» Source data:
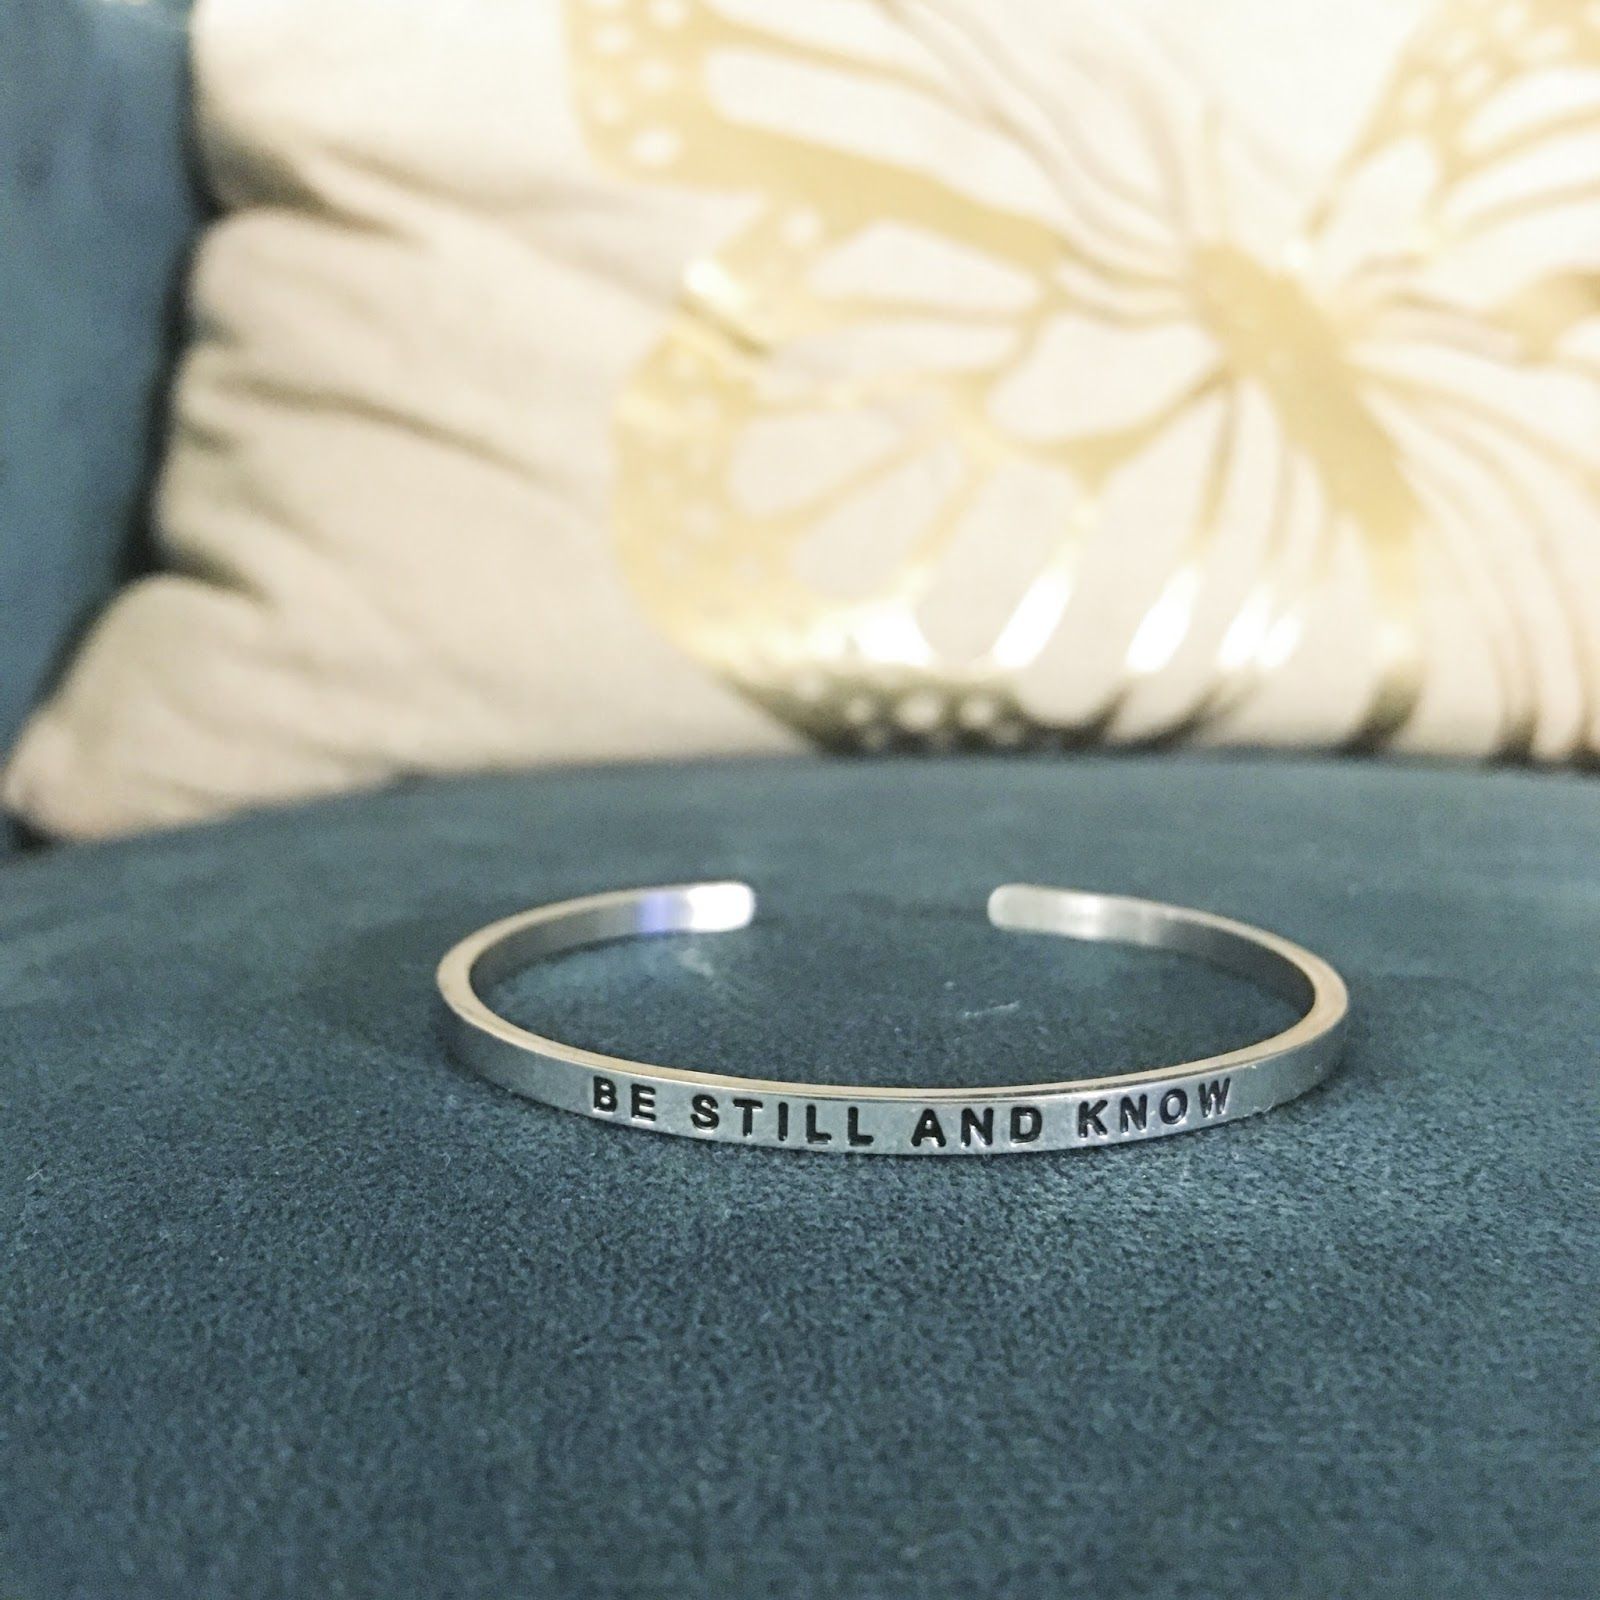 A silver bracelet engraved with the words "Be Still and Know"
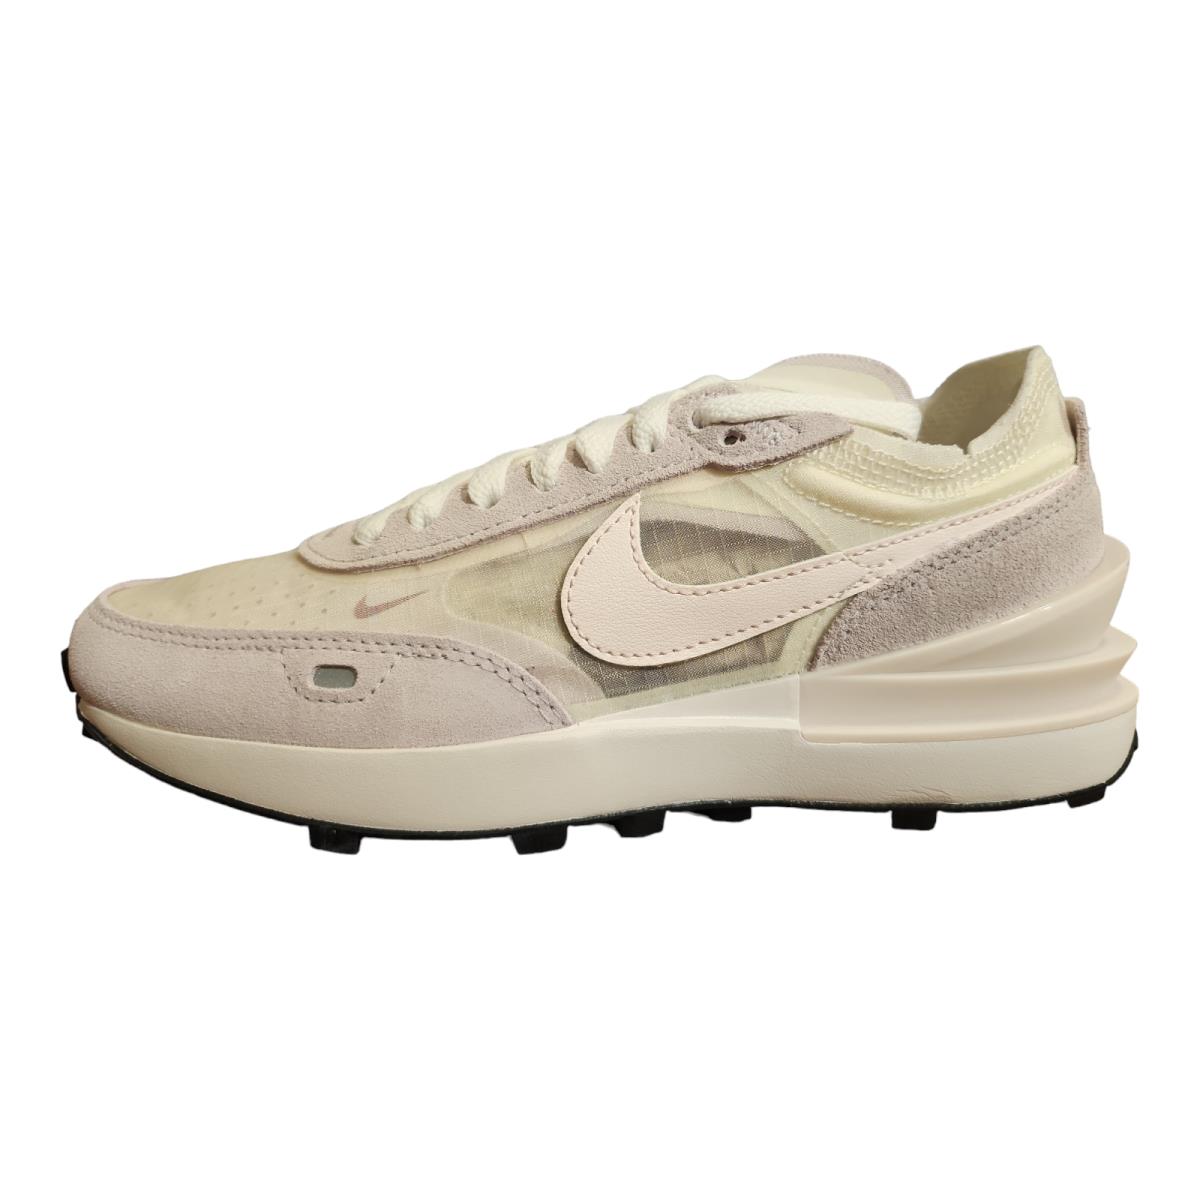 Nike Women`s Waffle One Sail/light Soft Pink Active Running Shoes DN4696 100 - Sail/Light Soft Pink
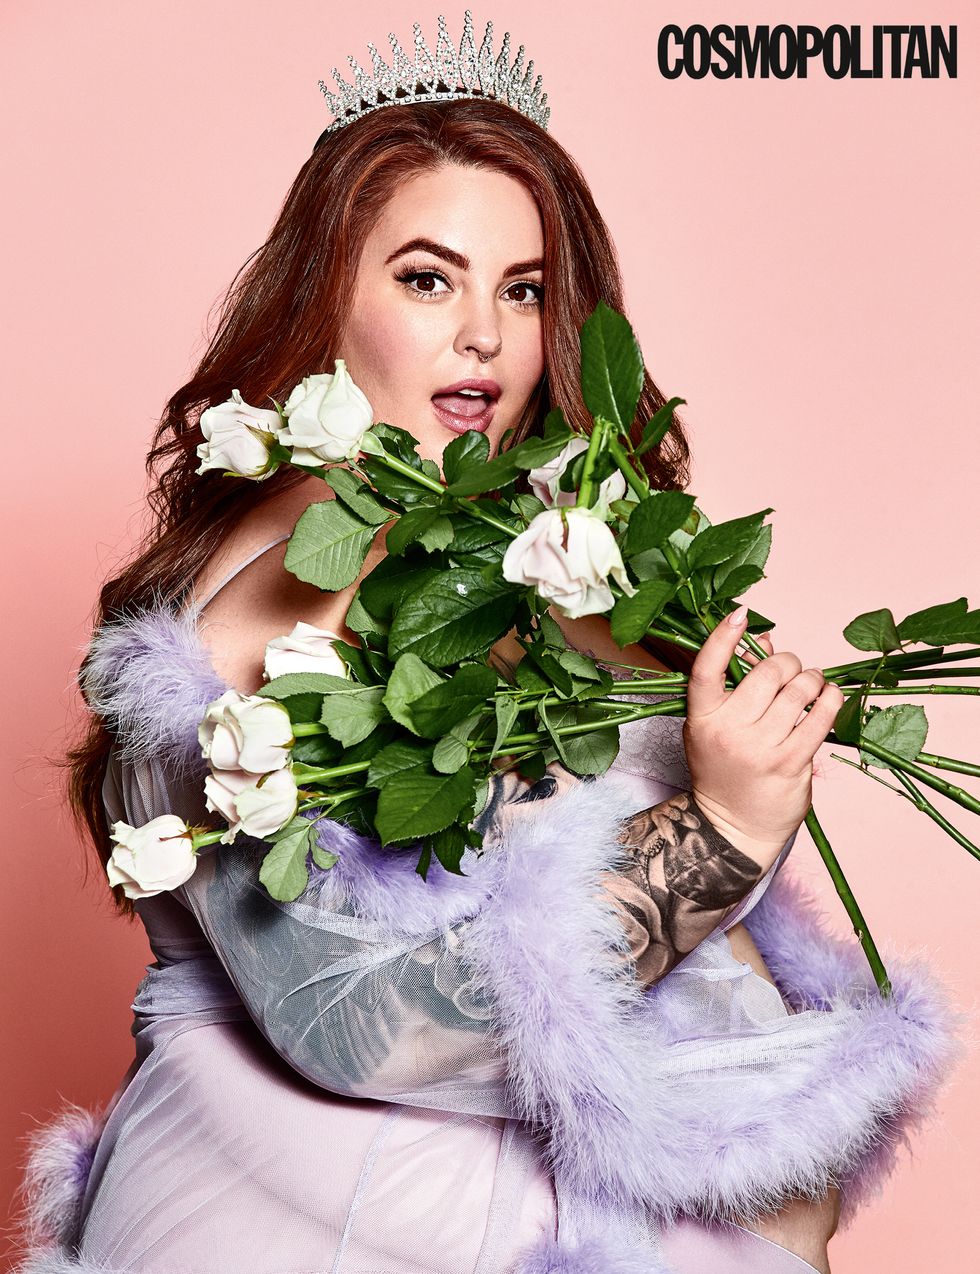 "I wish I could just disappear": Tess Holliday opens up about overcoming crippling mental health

» Task: Restate the data word for word, minus any images.

» Task output:
 A silver bracelet engraved with the words "Be Still and Know"
 Nike Women`s Waffle One Sail/light Soft Pink Active Running Shoes DN4696 100 - Sail/Light Soft Pink
 "I wish I could just disappear": Tess Holliday opens up about overcoming crippling mental health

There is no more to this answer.